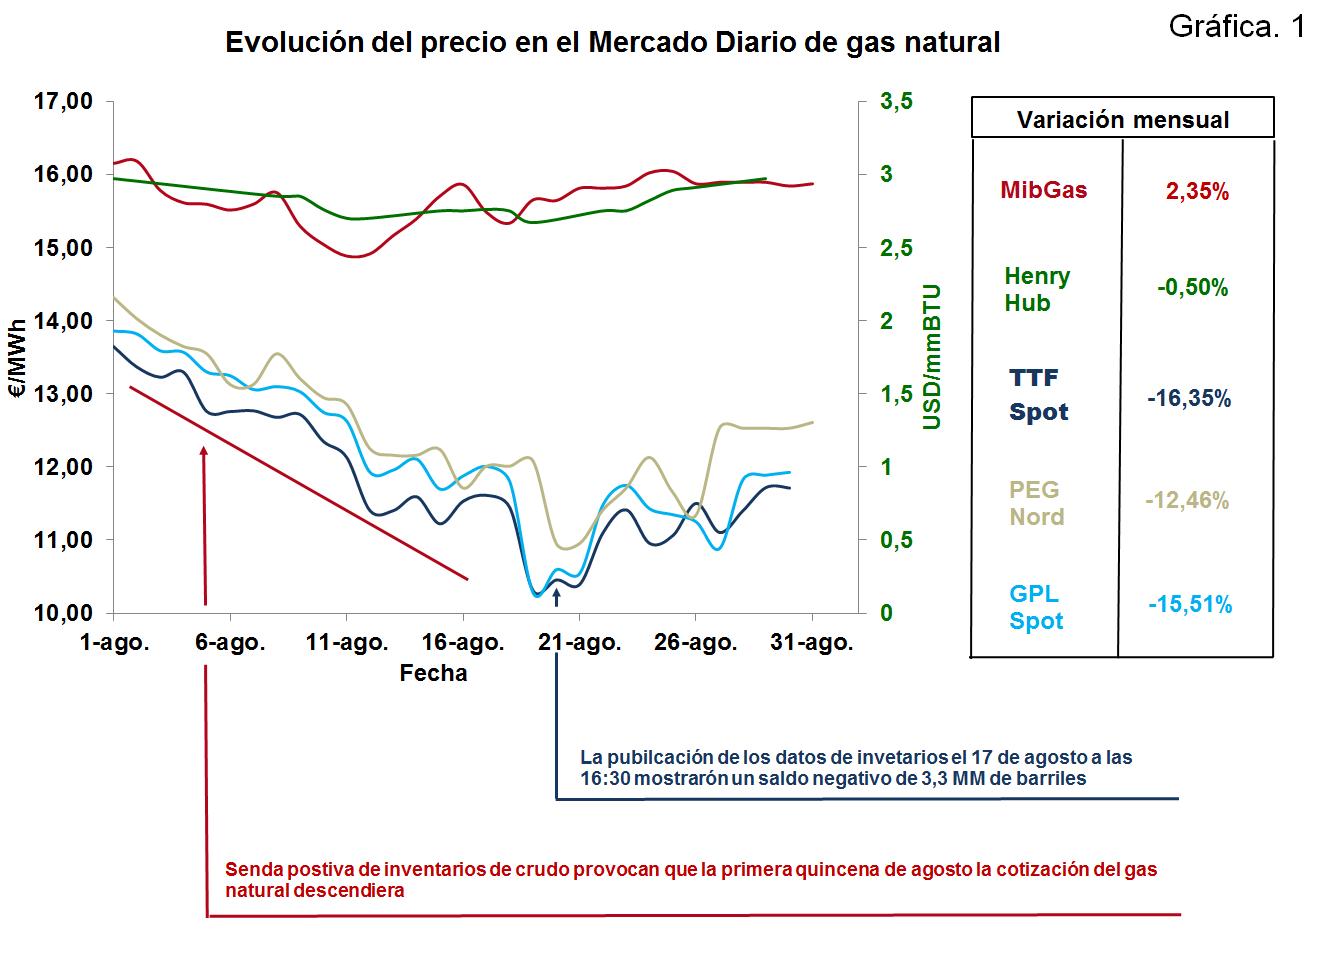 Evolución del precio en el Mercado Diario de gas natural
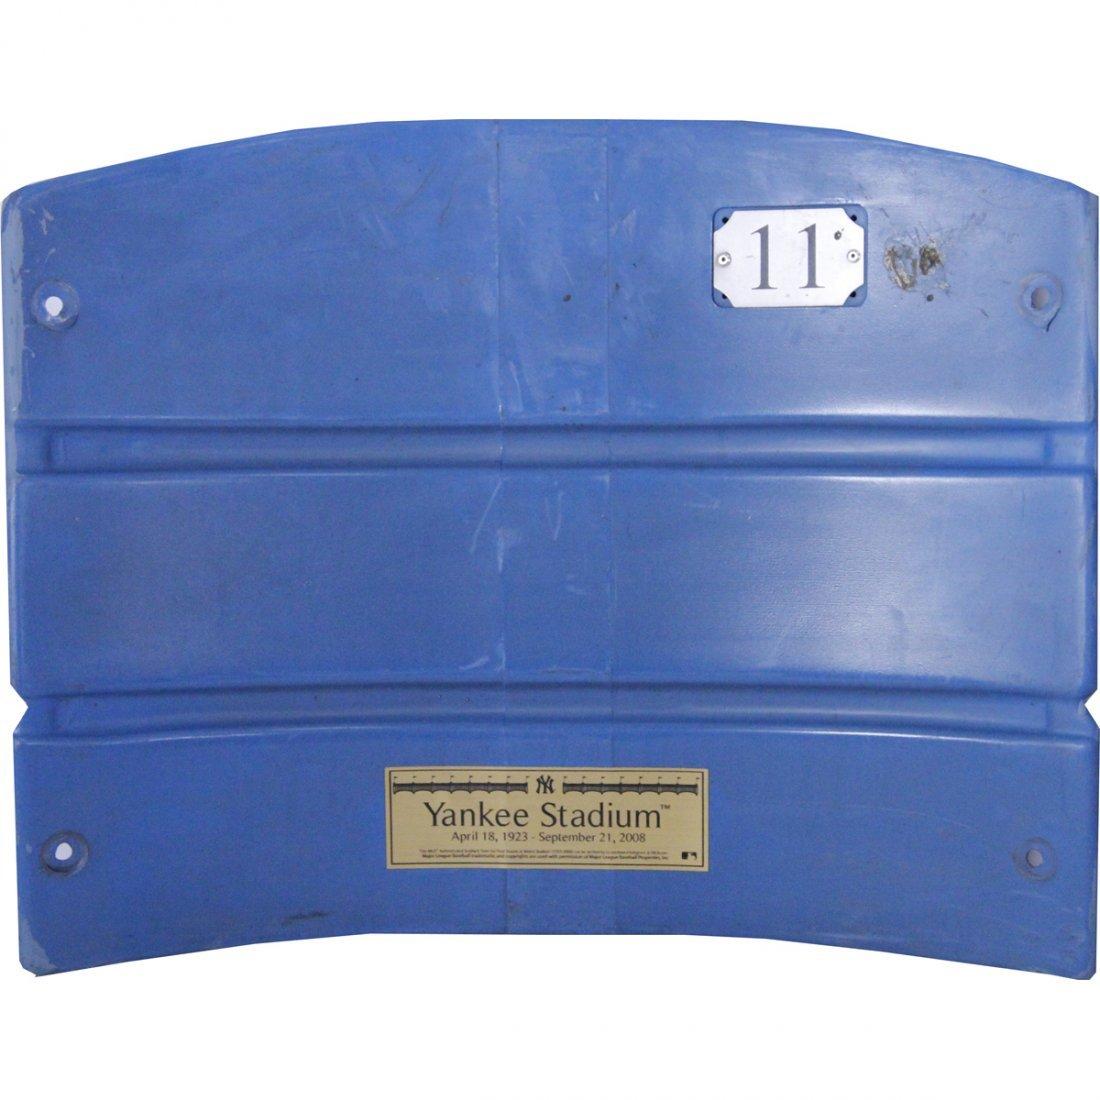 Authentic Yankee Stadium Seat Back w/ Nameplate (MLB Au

·····

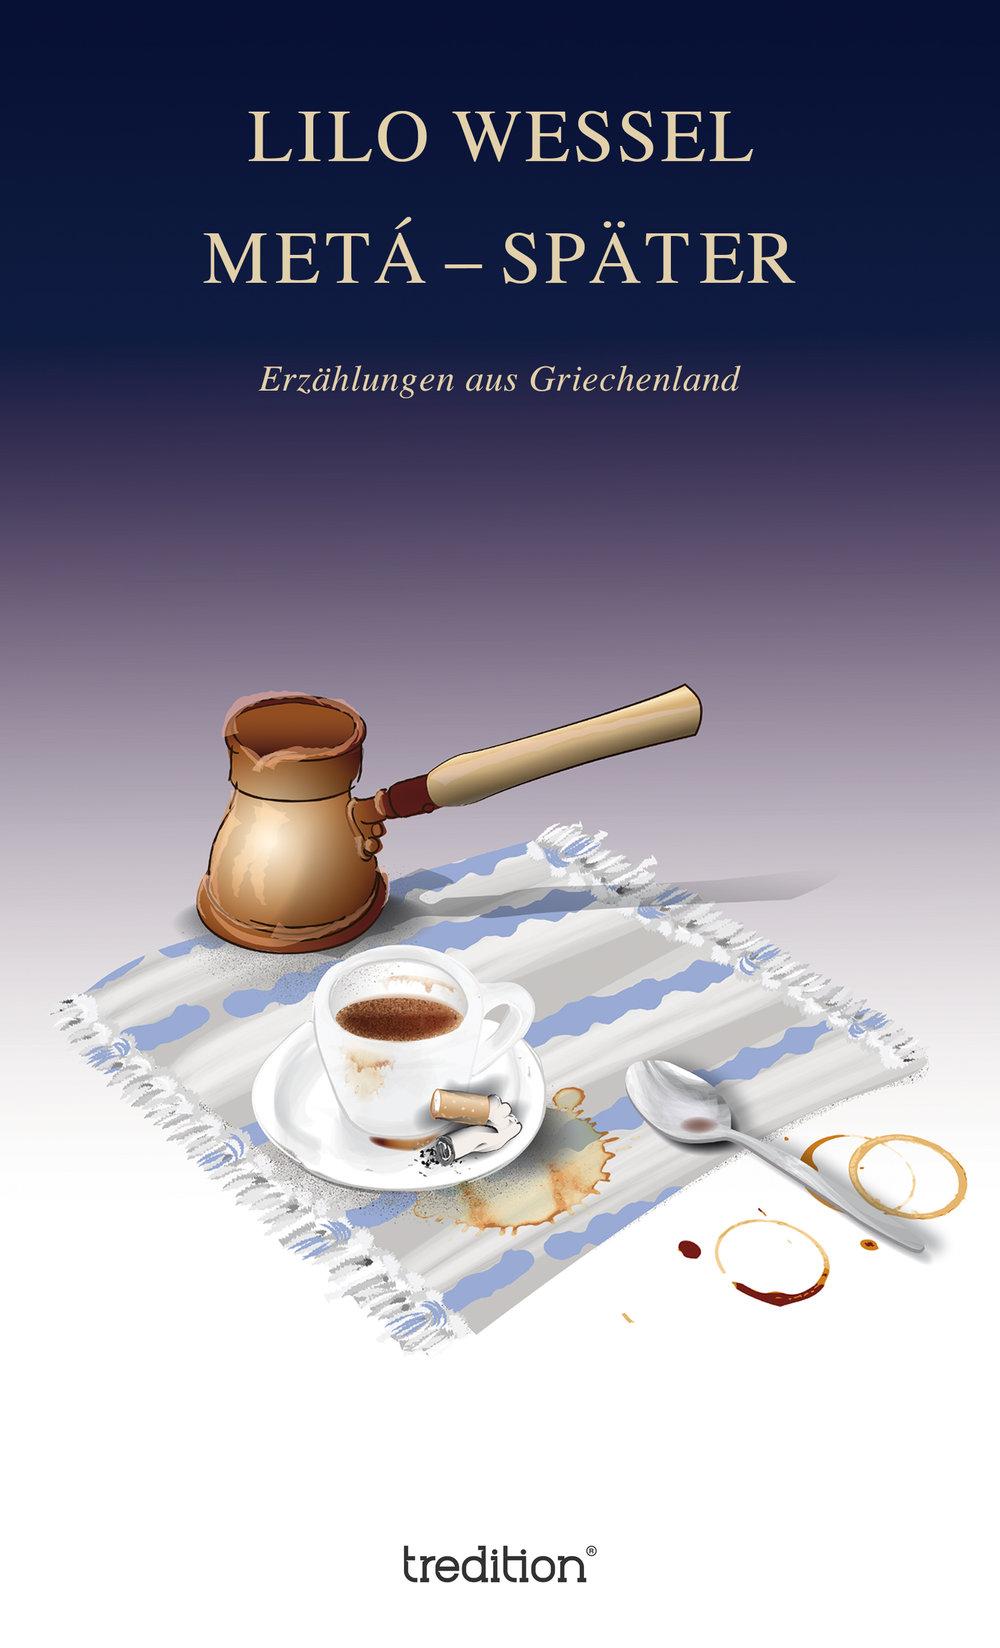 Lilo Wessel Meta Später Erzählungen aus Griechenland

·····

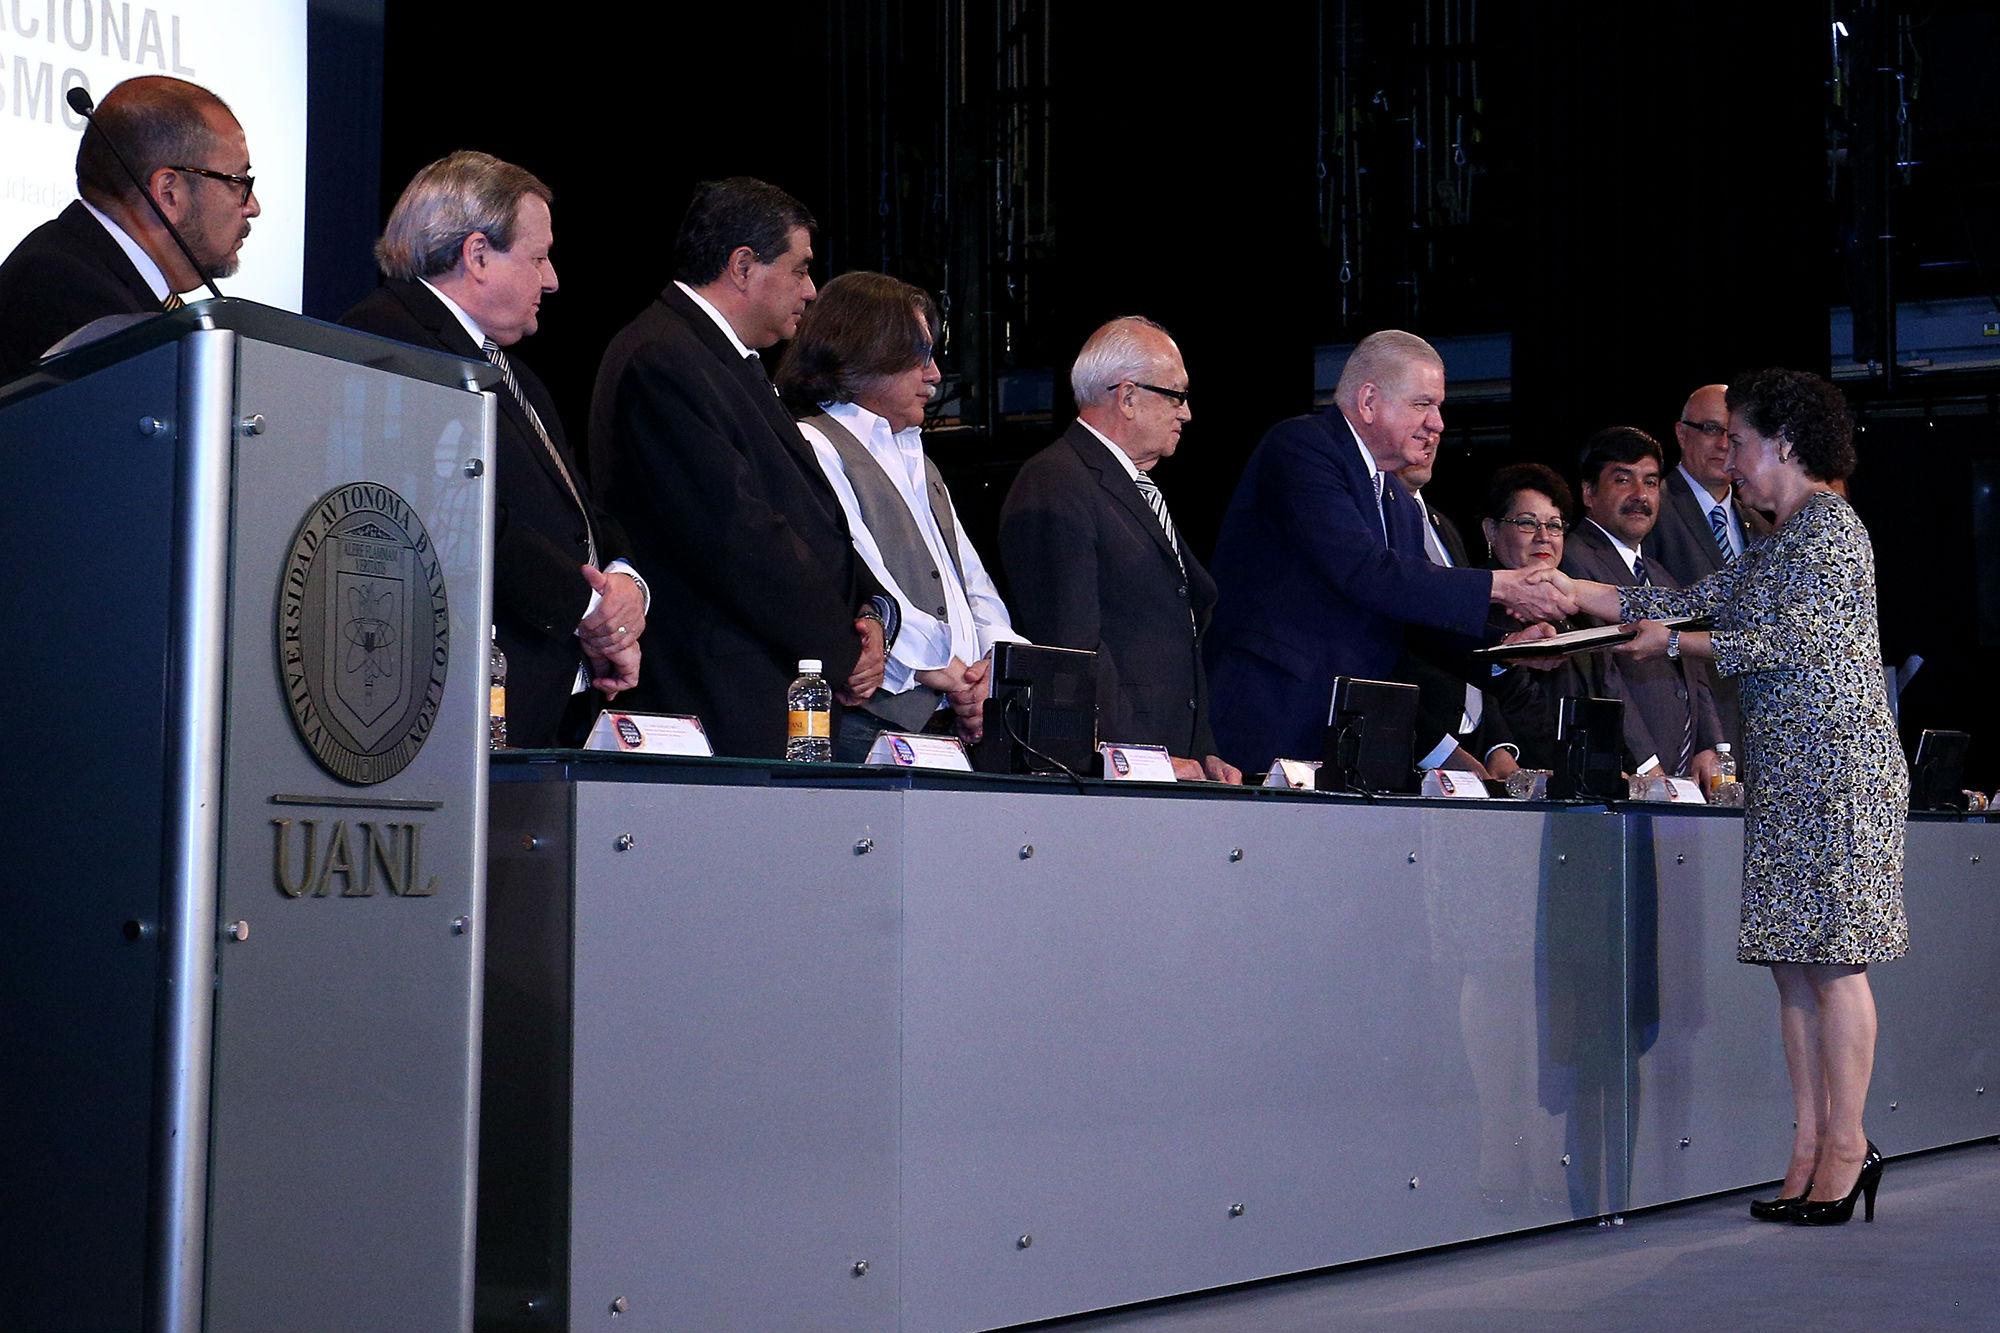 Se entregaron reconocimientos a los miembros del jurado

·····

▶ _What is being asked_:
Among the entries above, copy exactly the stretch from the line holding "Evolución del precio" through the line holding "Authentic Yankee Stadium", leaving out any pictures.

▶ _Task output_:
 Evolución del precio en el Mercado Diario de gas natural
 Authentic Yankee Stadium Seat Back w/ Nameplate (MLB Au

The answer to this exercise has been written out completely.